About First Eagle Alternative Credit, LLC

First Eagle Alternative Credit is an alternative credit investment manager for both direct lending and broadly syndicated investments through public and private vehicles, collateralized loan obligations, separately managed accounts and co-mingled funds. First Eagle Alternative Credit maintains a variety of advisory and sub-advisory relationships across its investment platforms. First Eagle Alternative Credit is a wholly owned subsidiary of First Eagle Investment Management, LLC.

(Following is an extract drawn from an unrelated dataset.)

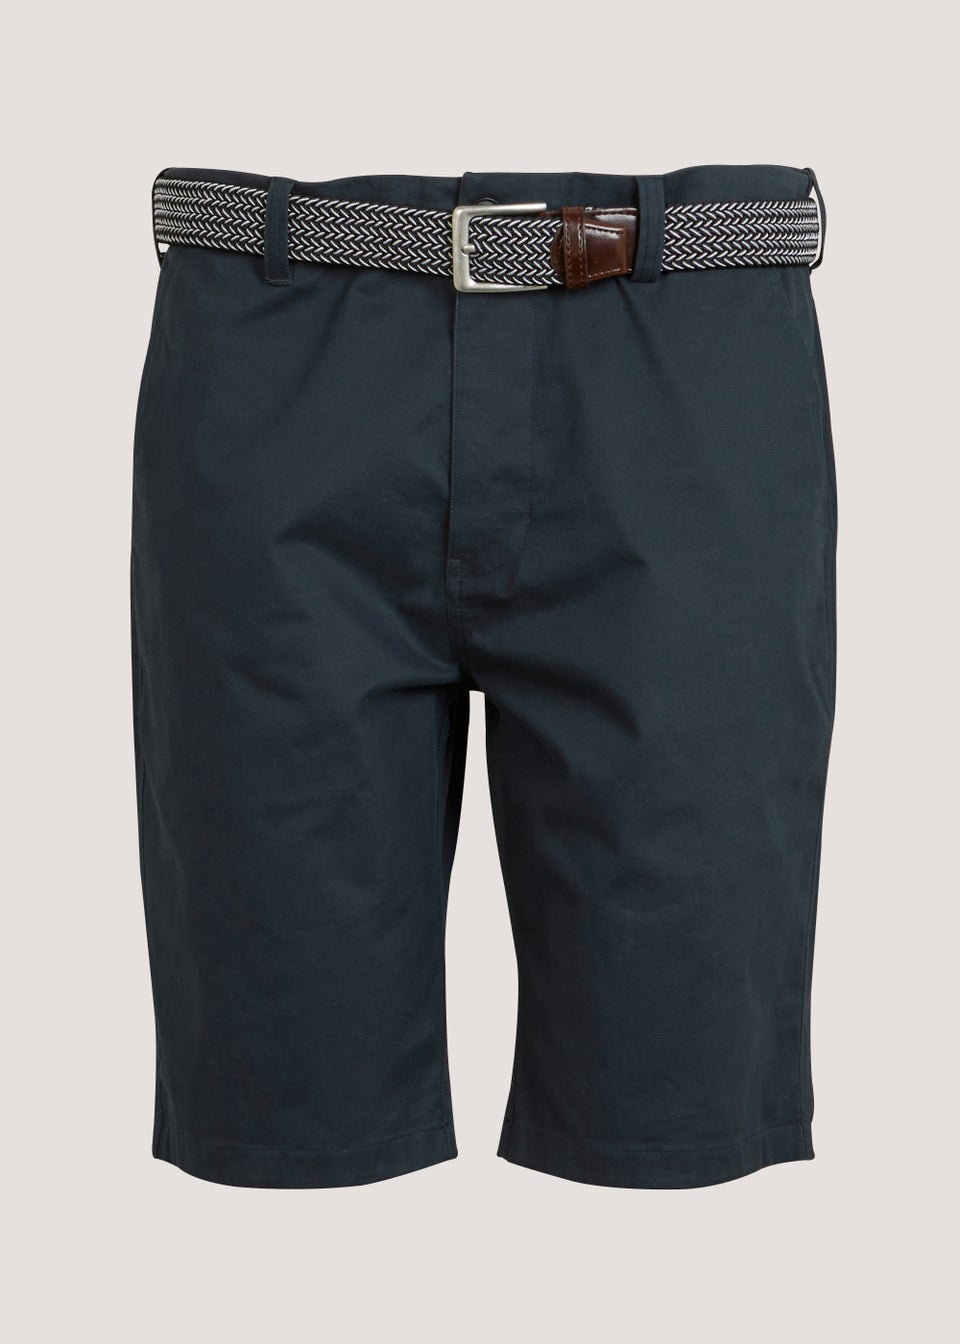 Lincoln Navy Belted Shorts - Matalan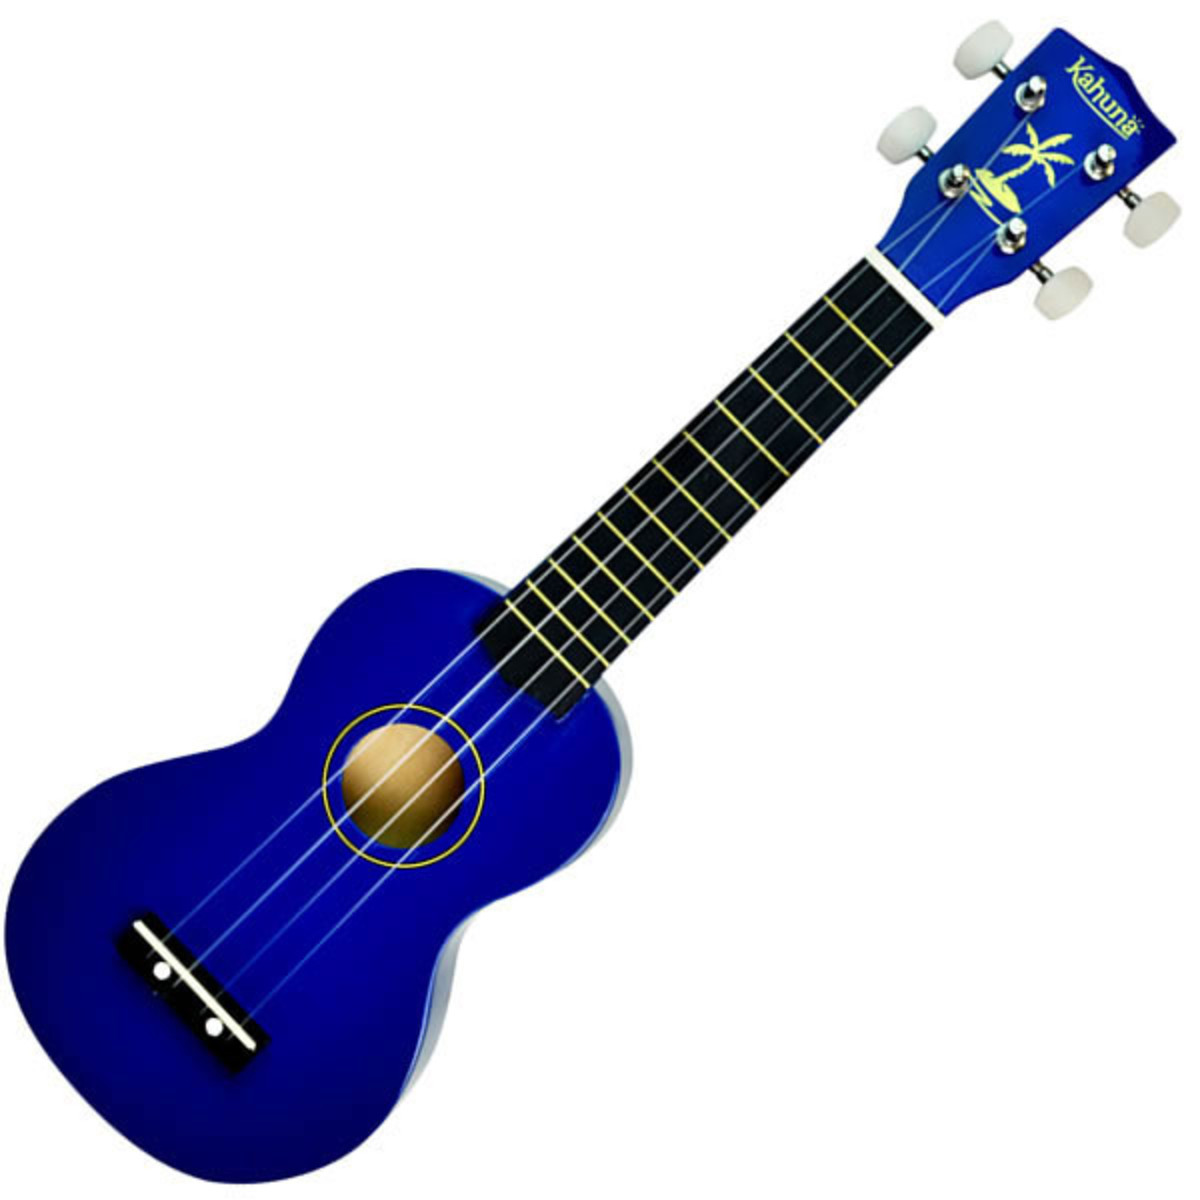 Nhạc cụ Ukulele với thiết kế nhỏ gọn, xinh xắn sẽ là một món nhạc cụ được nhiều bạn ưa chuộng. Việc chơi đàn ukulele cơ bản cũng ko khó dành cho các bạn yêu thích nhạc

Forward-Looking Statements

The information contained in this press release, including statements regarding the Company’s beliefs, expectations, intentions or strategies for the future, may constitute forward-looking statements. The Company cautions you that forward-looking statements are not guarantees of future performance and that actual results or developments may differ materially from those projected or implied in these statements. All forward-looking statements involve a number of risks and uncertainties that could cause actual results to differ materially from the plans, intentions and expectations reflected in or suggested by the forward-looking statements. Certain factors could cause actual results and conditions to differ materially from those projected in these forward-looking statements, including: the Company’s expectation and ability to complete its Tender Offer; the price at which shares of common stock may trade on the Nasdaq Global Select Market, which may be higher or lower than the purchase price in the Tender Offer; the Company’s ability to execute its yield investment strategy; the performance of the Company’s investments; and changes in economic or financial market conditions and other factors that are enumerated in the company’s periodic filings with the Securities and Exchange Commission. The Company disclaims and does not undertake any obligation to update or revise any forward-looking statement in this press release.

These forward-looking statements are subject to the inherent uncertainties in predicting future results and conditions.